Patent Damages on Tap as Full Federal Circuit Hears Google Case

March 12, 2025, 2:47 PM UTC

The nation’s highest patent court will rehear a case Thursday asking it to restrict the kinds of evidence expert witnesses can describe to juries while litigants argue over patent-infringement damages.

The issue is before the US Court of Appeals for the Federal Circuit in a rare en banc rehearing of Google LLC‘s appeal of its loss in smart-thermostat patent owner EcoFactor Inc.'s infringement suit. EcoFactor’s damages expert told jurors in Waco, Texas, about settlement deals the company reached in other suits over the patents, and Google’s appeal turns on non-binding language used to calculate the royalty rate he said Google owed for every sale of an infringing Nest-branded smart thermostat—$20 million in total.

A split three-judge panel affirmed EcoFactor’s win over a dissent that said the majority’s opinion “at best muddles our precedent” on apportioning damages “and, at worst, contradicts it.”

Even an incremental change to the damages evidence allowed in patent cases could have major financial implications in the high-stakes universe of infringement verdicts that frequently climb to eight- or nine-figures. The technocratic appeals court’s first en banc utility patent case since 2018 attracted amicus briefs from companies, trade groups, academics, and lawyers who represent both rights holders and frequent defendants.

The Federal Circuit has for more than a decade endorsed litigants’ use of comparable licensing agreements, or comparables, when determining appropriate royalty rates. But the Google-EcoFactor dispute homes in on a subcategory of that evidence: non-binding language in the “whereas” sections of agreements.

Google contends EcoFactor’s damages expert cherry-picked “self-serving” language from several lump-sum settlement agreements to reach an inflated royalty rate.

EcoFactor counters that Google is in effect arguing, “Damages for committing torts should be minimal.” It said its expert considered much more than the “per-unit amount recited on the face of the licenses” and “did exactly what this Court has repeatedly demanded” by calculating a “reasonable royalty specifically tied to the facts of this case.”

Judge Pauline Newman, who is protesting her suspension from hearing cases, didn’t participate in the decision to take the case en base. Her lawyer argued in a brief that her exclusion from the proceedings violates a federal statute. Judge Tiffany P. Cunningham also didn’t participate.

Value Debate

Lawyers supporting both sides acknowledge pinpointing the value of infringed patents is a tricky endeavor.

“It’s hard to say if most cases get it wrong or right in the end, but there are certainly risks of error and getting the damages number woefully wrong,” said Tom Cotter, a professor at the University of Minnesota Law School. Cotter has written extensively about patent damages and joined an amicus brief urging the court to tighten the rules around the use of comparable licenses.

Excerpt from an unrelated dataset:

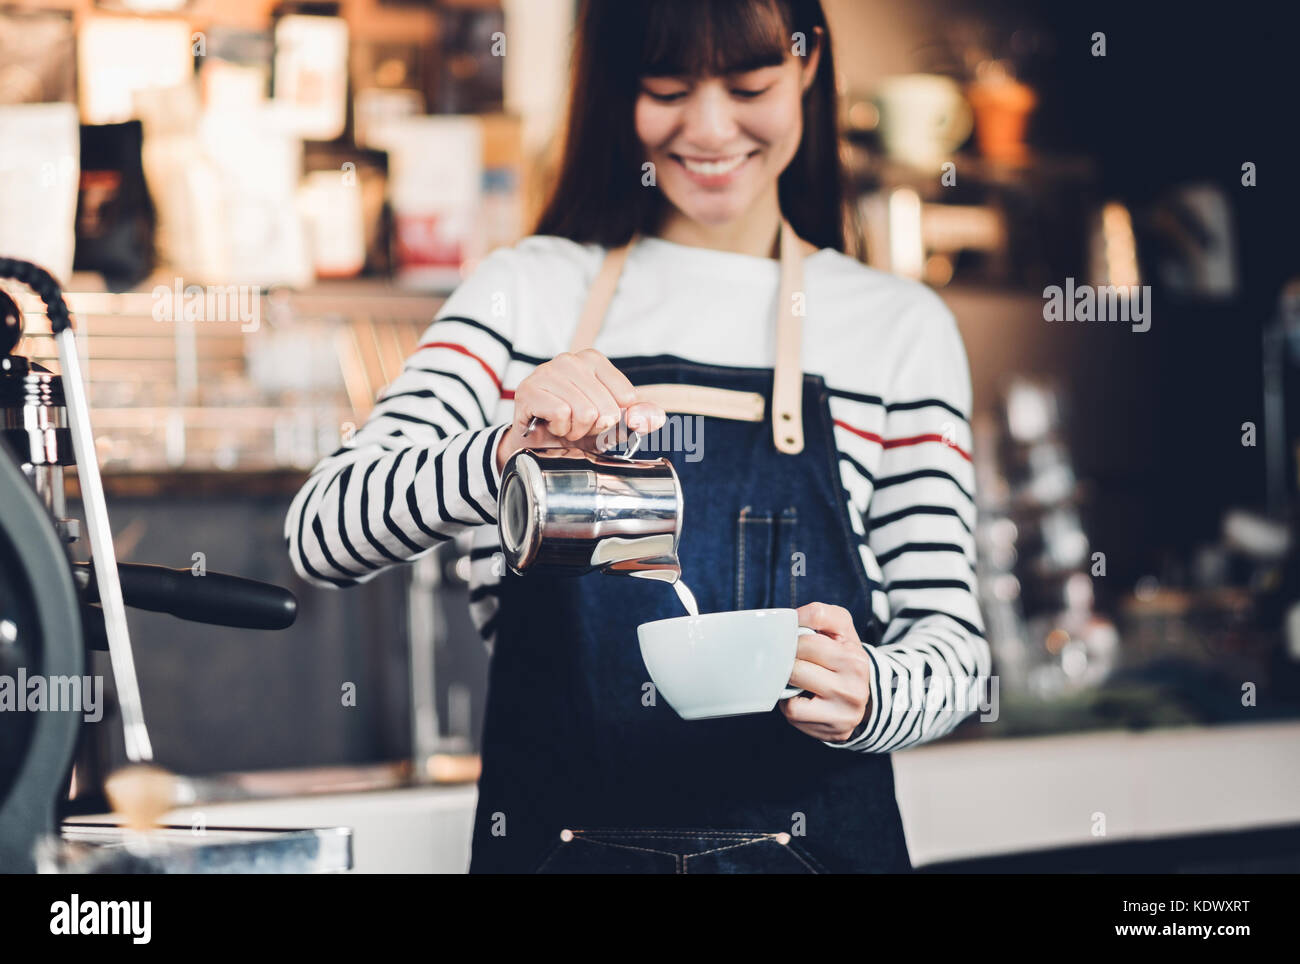 Asien Frau barista gießen Sie Milch in die heiße Tasse Kaffee an der Bar vor der Maschine im Cafe Restaurant, Essen Geschäftsinhaber Konzept Stockfoto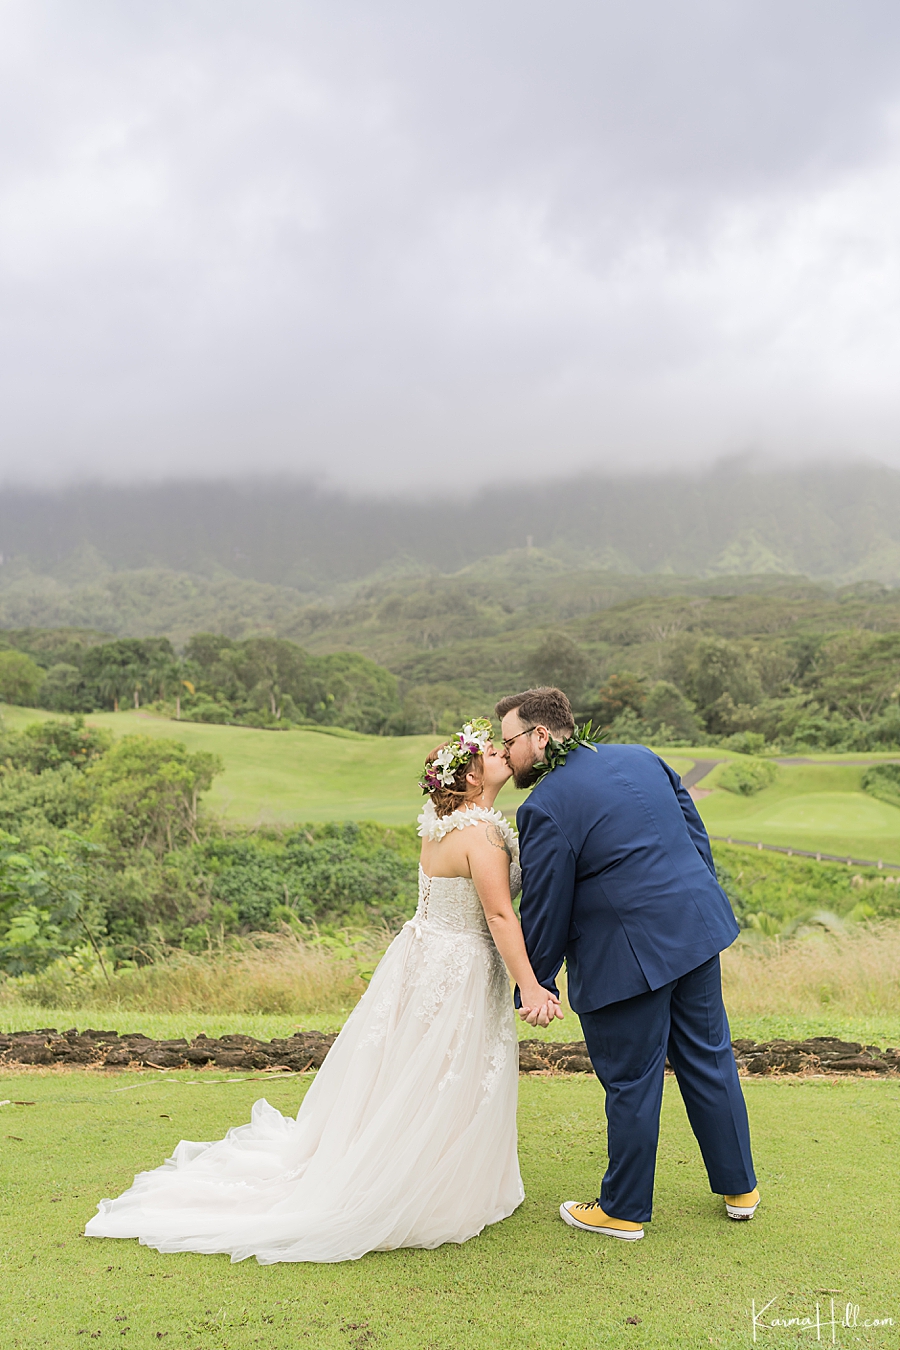 Oahu wedding photographers

The case provides an opportunity for the appeals court to “combat district judges’ temptation to avoid engaging with complex legal and evidentiary issues on patent damages by simply throwing everything to the jury,” said Paul Gugliuzza, a law professor at Temple University who also joined the amicus brief.

The court, though, should resist calls to encroach on jurors’ role, said Kristen Jakobsen Osenga, a dean and professor at the University of Richmond School of Law.

Beyond keeping “junk-science conclusion” away from jurors, US Supreme Court precedent leaves it “up to the jury to determine the credibility and believability” of experts, she said.

Osenga also leads the Inventors Defense Alliance, a group that fights for patent owners’ rights and filed an amicus brief urging the court not to adopt “overly rigid” standards for admitting damages evidence. That would drive up “litigation expenses” and impede “innovators’ access to the resources they need to vindicate their intellectual property rights,” it argued.

“The remedy for ‘shaky’ evidence is vigorous cross-examination, not second guessing by an appellate court,” the Alliance of US Startups & Inventors for Jobs, another patent-rights group, said in a separate amicus brief.

Licensing Activity

Fallout from the court’s decision could reach beyond trial evidence to license and settlement negotiations, predicted Betty Chen, a Desmarais LLP partner.

Settlements are “easier to obtain when a patent owner can say, ‘We want to put in this whereas clause’” that might help it in future litigation against a bigger target, she said, allowing the licensee to make that concession rather than paying a more expensive fee.

A ruling limiting the use of such language in jury trials could dampen licensing activity, Chen said, particularly for negotiations between patent owners and companies with relatively low sales numbers.

“But we have to focus on what’s right,” she added. “Made-up numbers in ‘whereas’ clauses shouldn’t be admissible.”

Russ August & Kabat represents EcoFactor. Google is represented by Keker, Van Nest & Peters and Munger, Tolles & Olson.

The case is EcoFactor Inc. v. Google LLC, Fed. Cir., 23-1101.